**Supplied material**:
____________
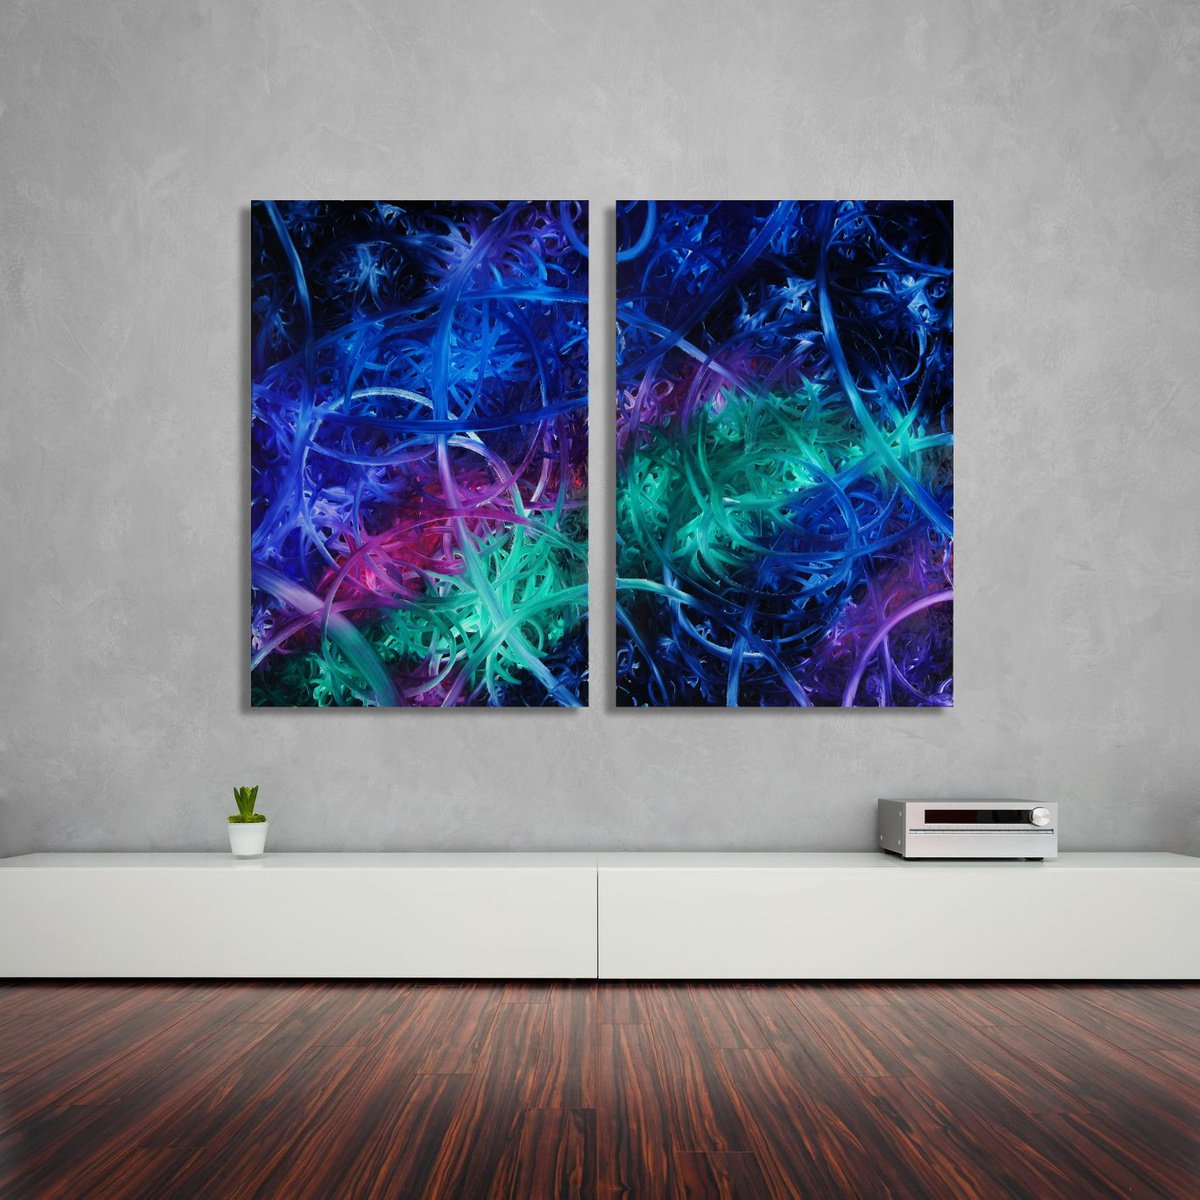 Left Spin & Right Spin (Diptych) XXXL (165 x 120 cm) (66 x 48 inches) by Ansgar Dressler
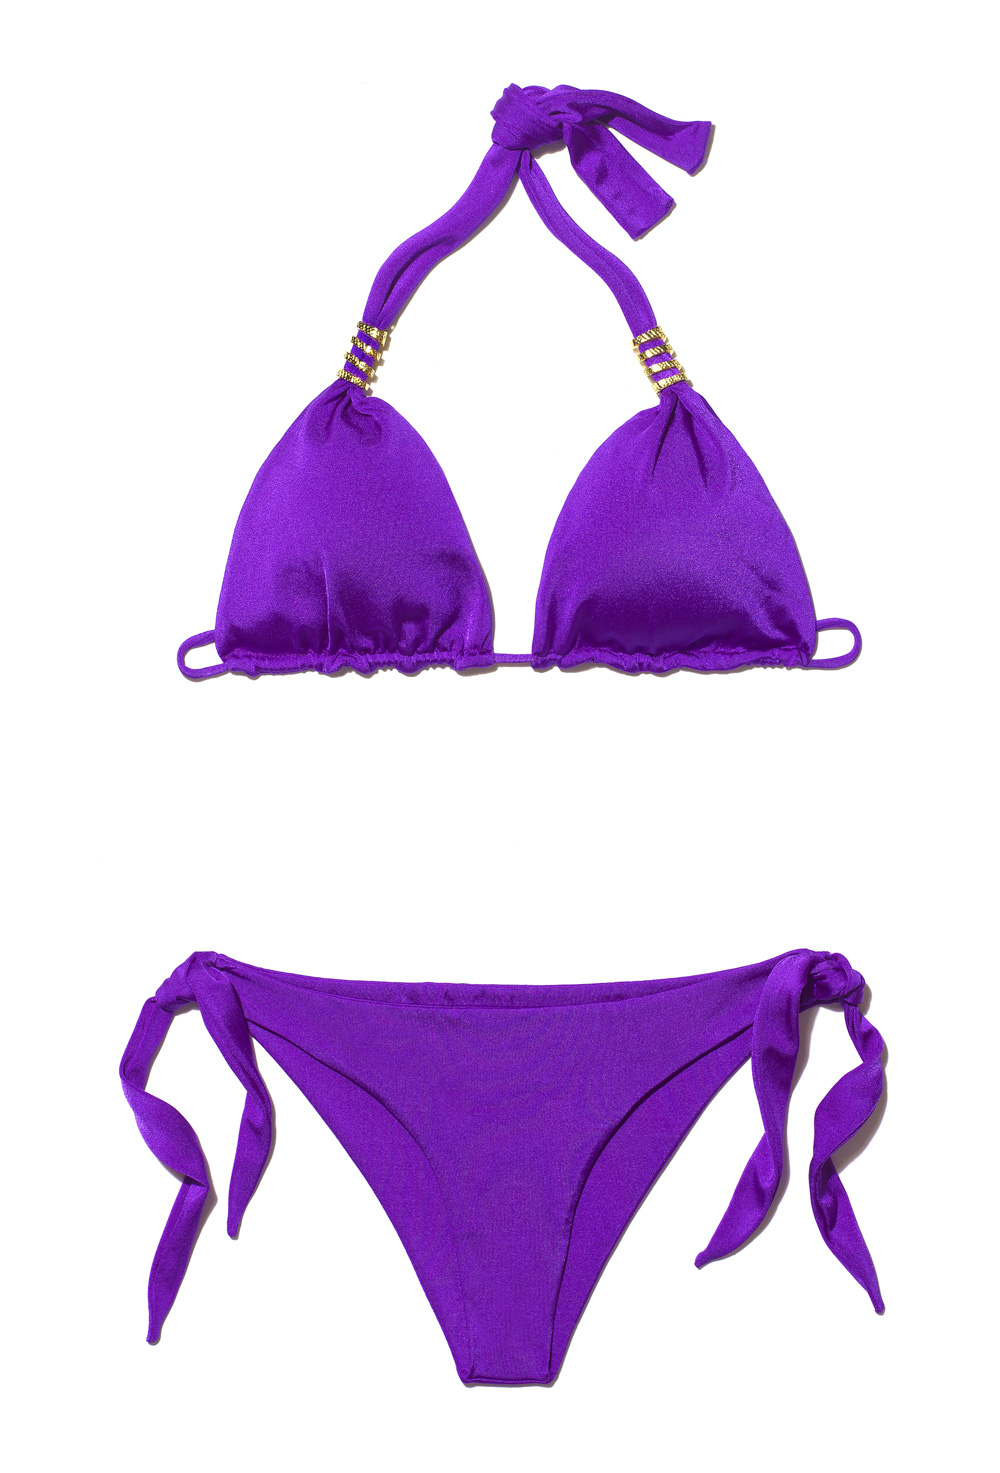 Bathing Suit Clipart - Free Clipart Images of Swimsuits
____________
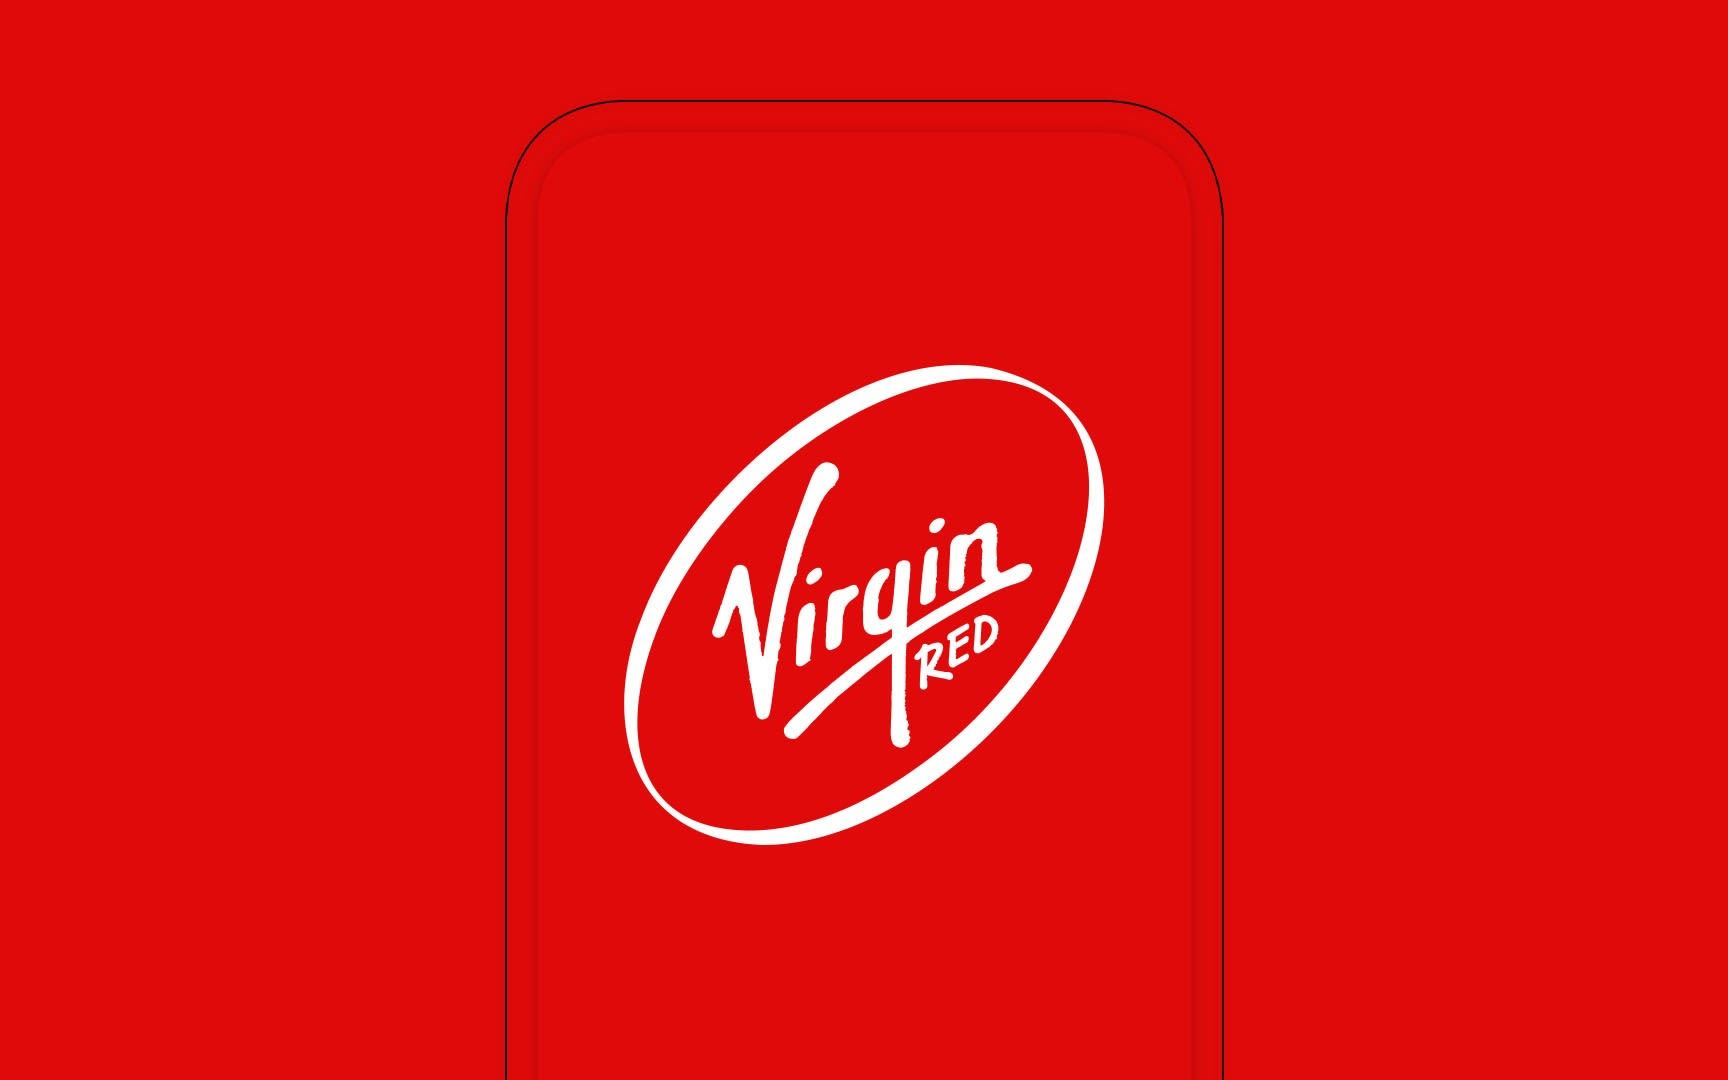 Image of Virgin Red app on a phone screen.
____________
**Exercise goal**:
Lines from the one above containing "Left Spin &" down to the one containing "Bathing Suit Clipart" should be transcribed exactly, with both ends kept and no pictures.

**Task answer**:
 Left Spin & Right Spin (Diptych) XXXL (165 x 120 cm) (66 x 48 inches) by Ansgar Dressler
 Bathing Suit Clipart - Free Clipart Images of Swimsuits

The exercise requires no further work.